- AIM OF THE EXERCISE: From the first line to the last, repeat the data exactly but leave out the pictures.

- STORED DATA:
◇ ◇ ◇ ◇

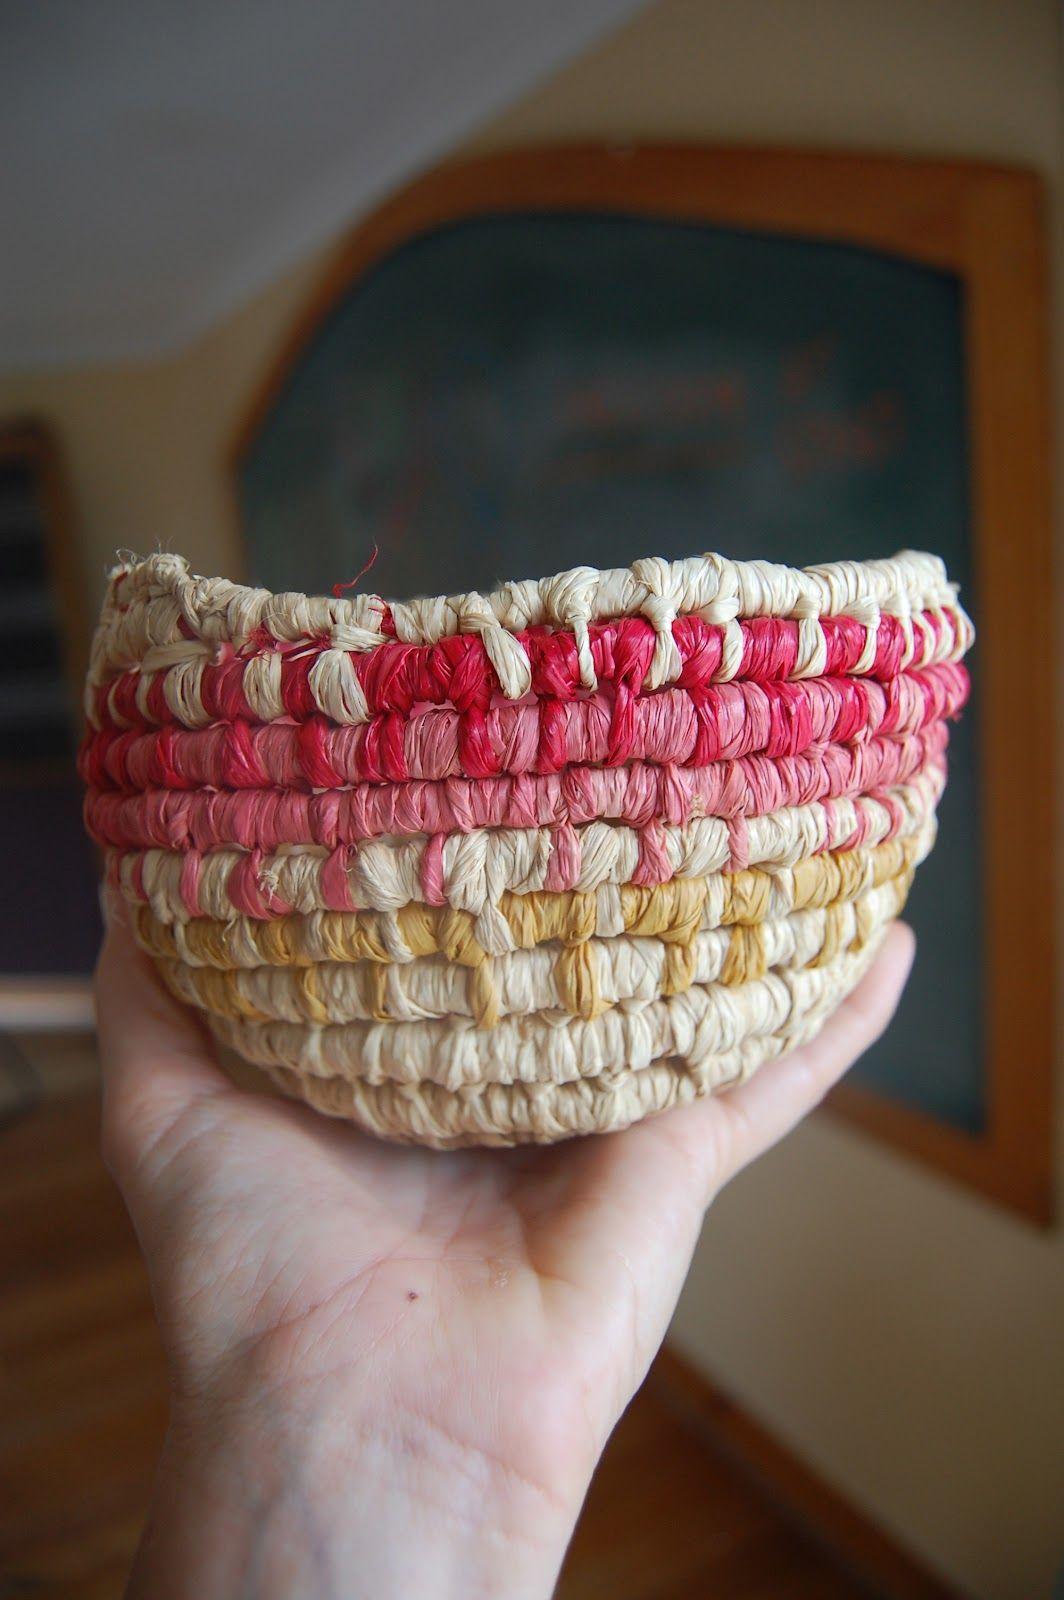 Weaving baskets from plastic bottles: master class 7
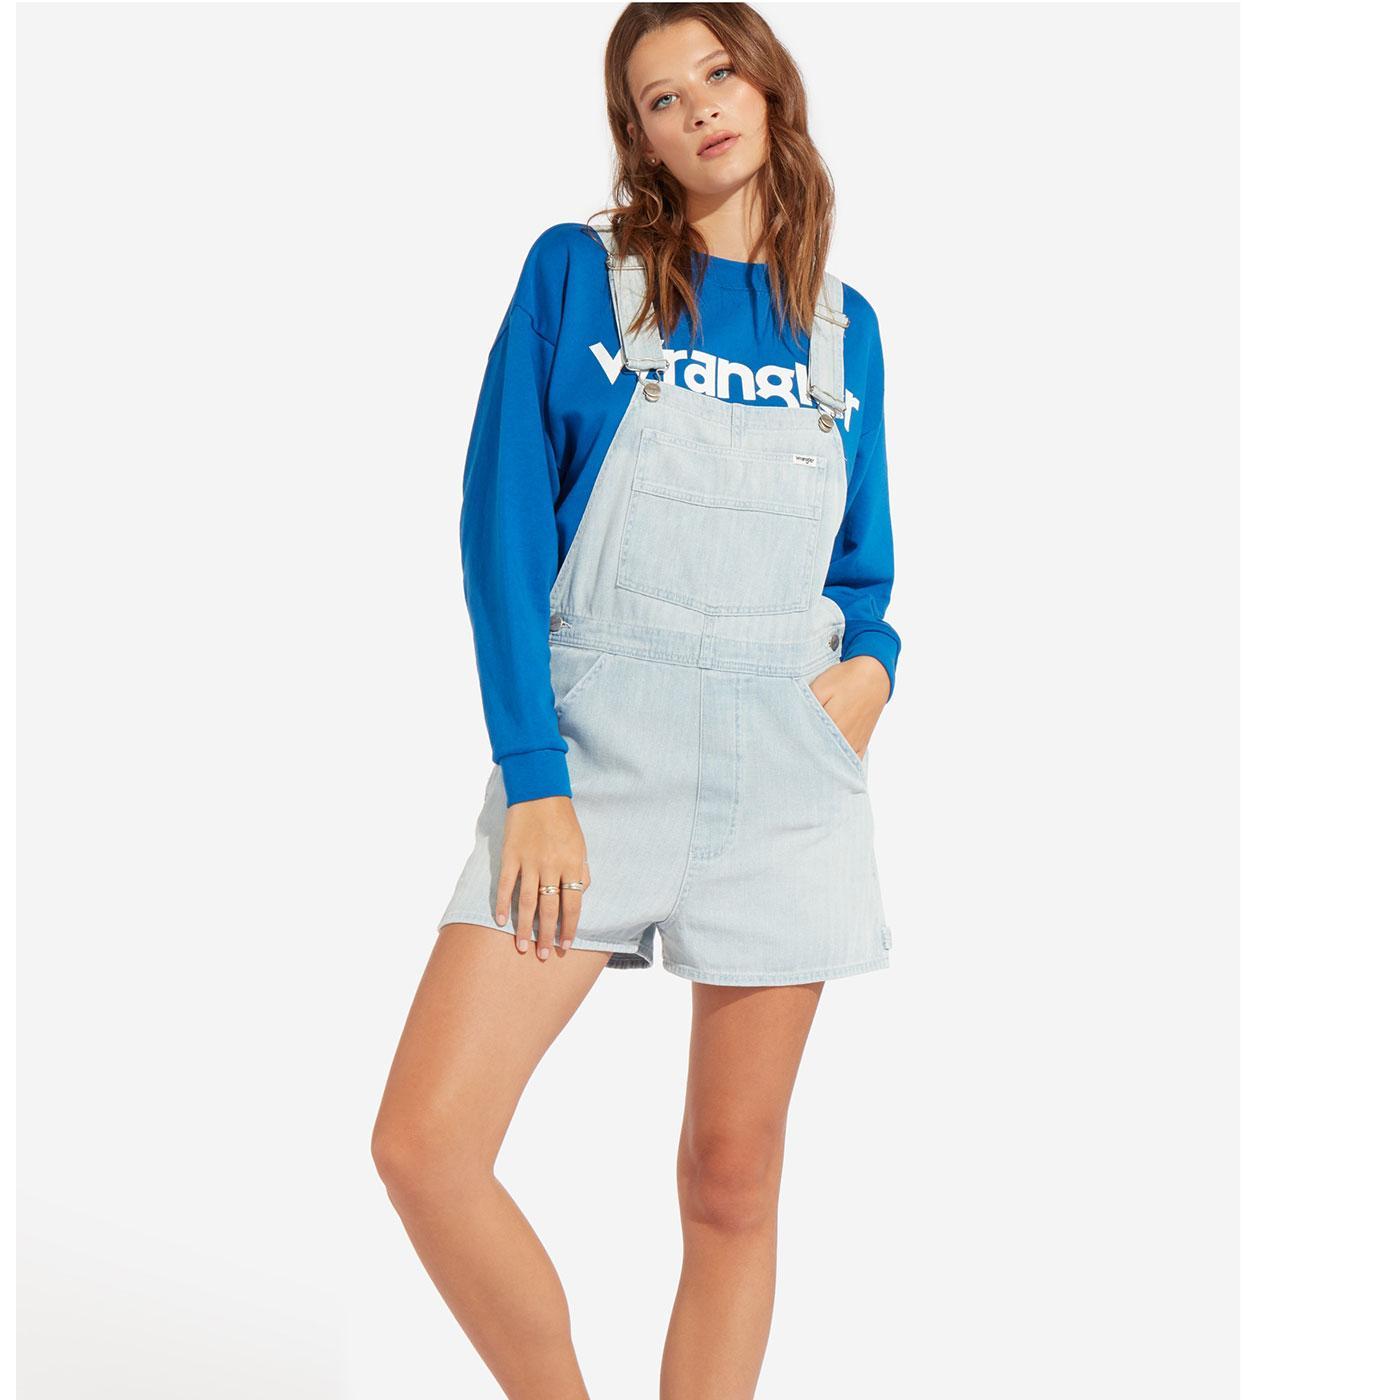 WRANGLER Womens Retro Herringbone Denim Bib Shorts
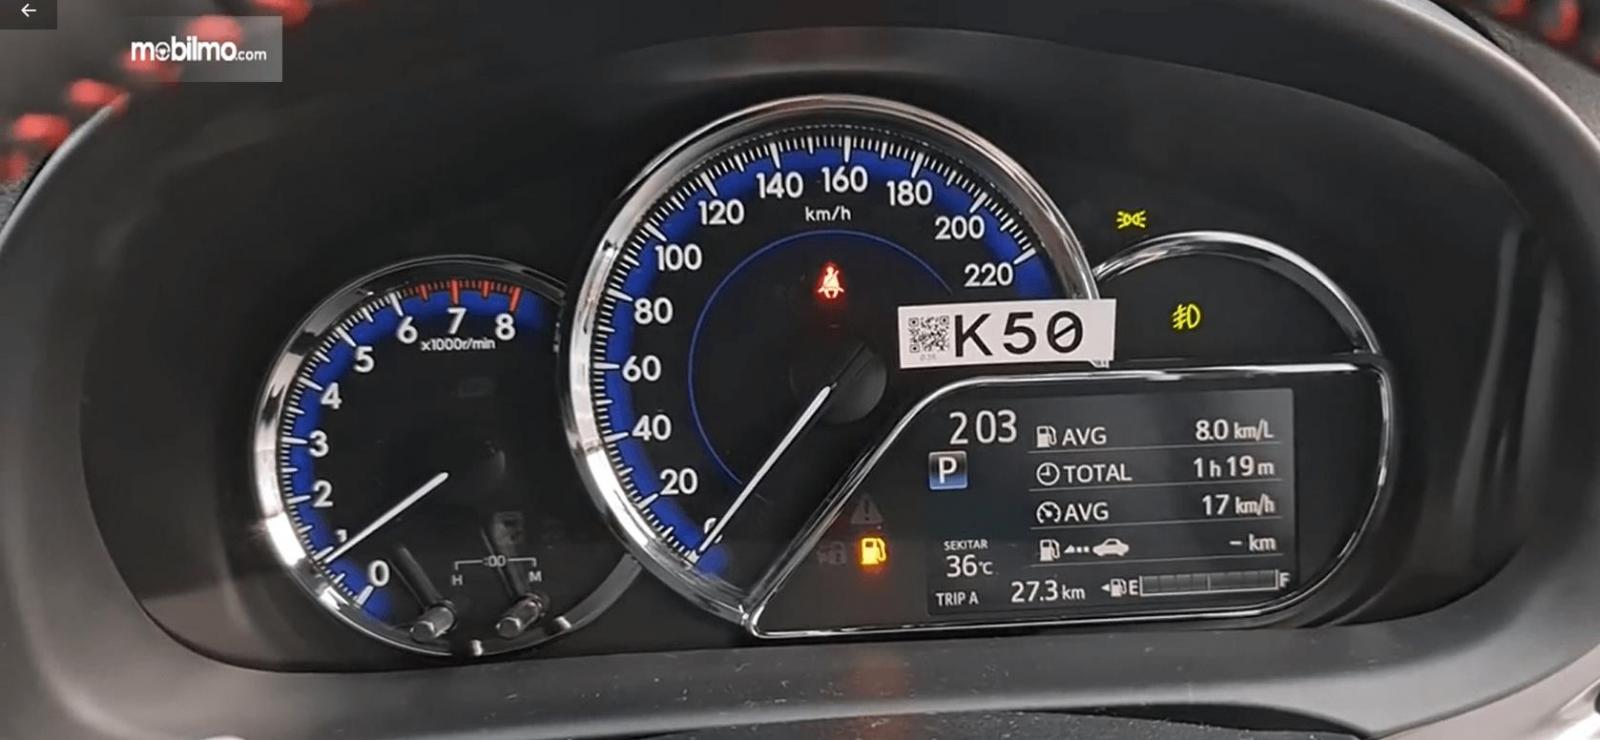 Gambar ini menunjukkan layar MID Toyota Yaris TRD Sportivo CVT 2020
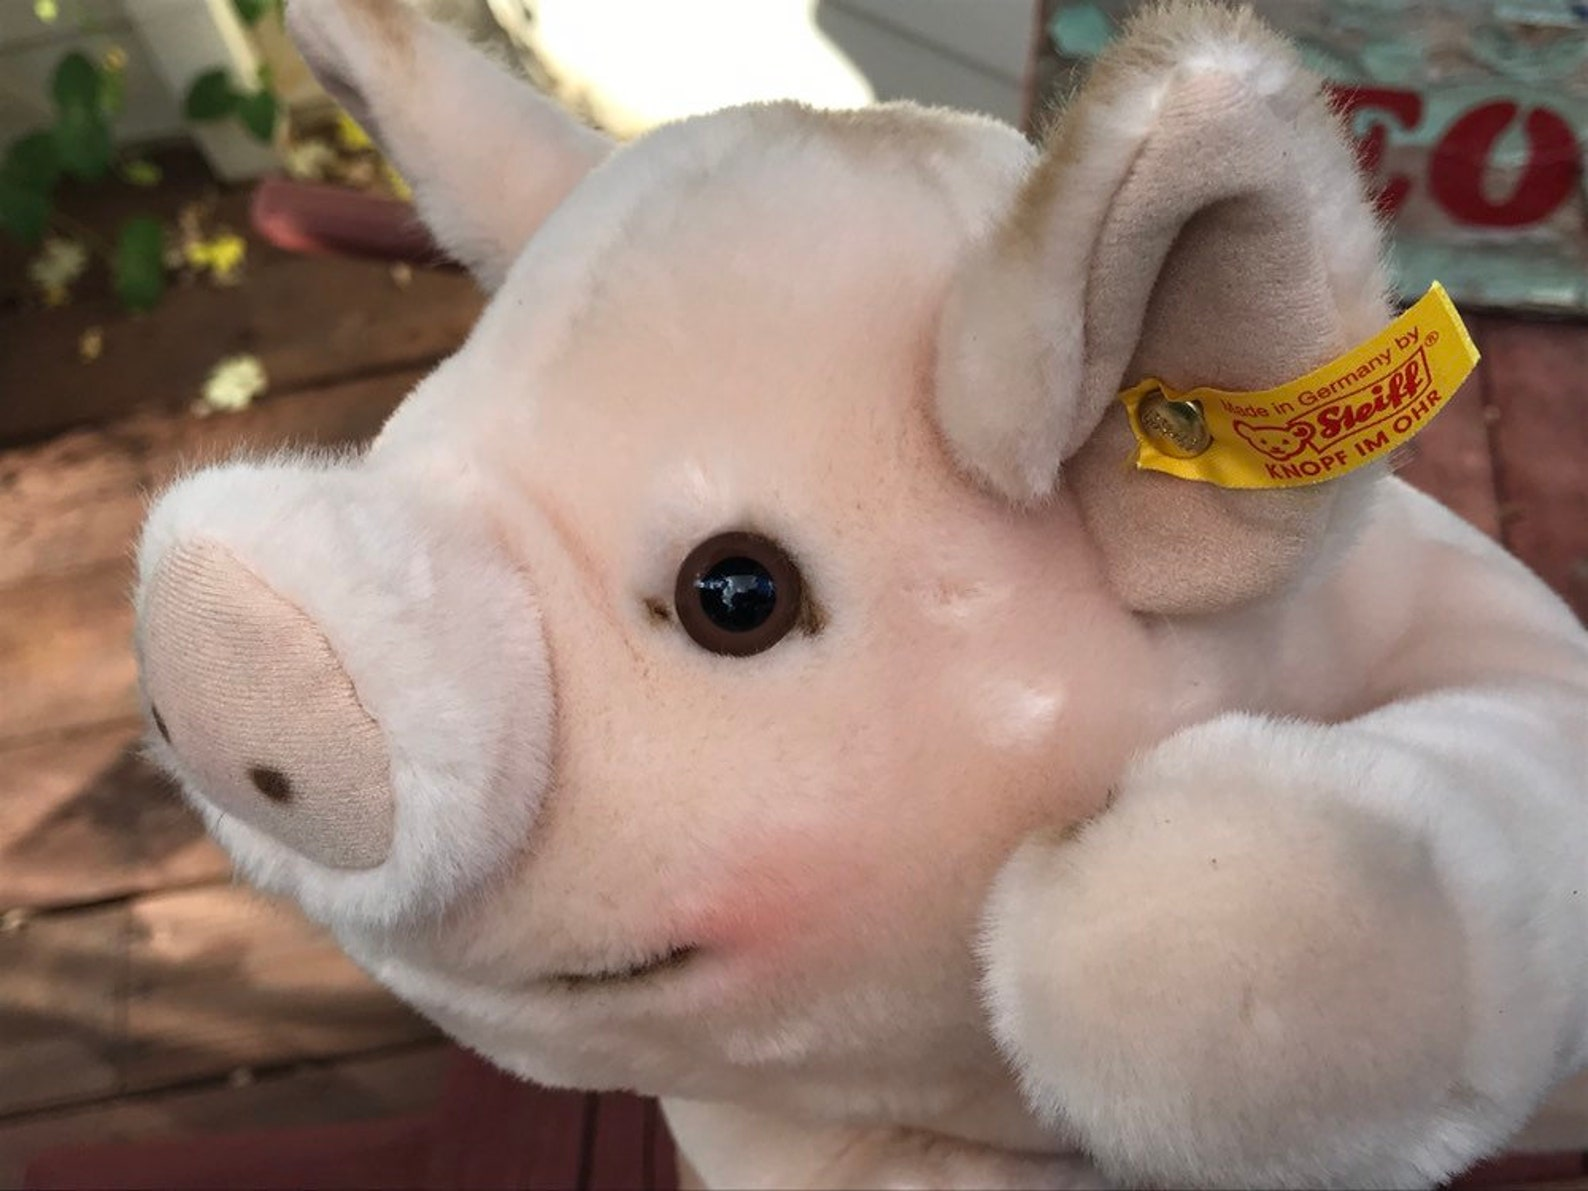 Steiff Original Plush Pig, Steiff Collectors Club Domestic Farm Animal, Made in Germany

◇ ◇ ◇ ◇

- SOLUTION TO THE EXERCISE:
 Weaving baskets from plastic bottles: master class 7
 WRANGLER Womens Retro Herringbone Denim Bib Shorts
 Gambar ini menunjukkan layar MID Toyota Yaris TRD Sportivo CVT 2020
 Steiff Original Plush Pig, Steiff Collectors Club Domestic Farm Animal, Made in Germany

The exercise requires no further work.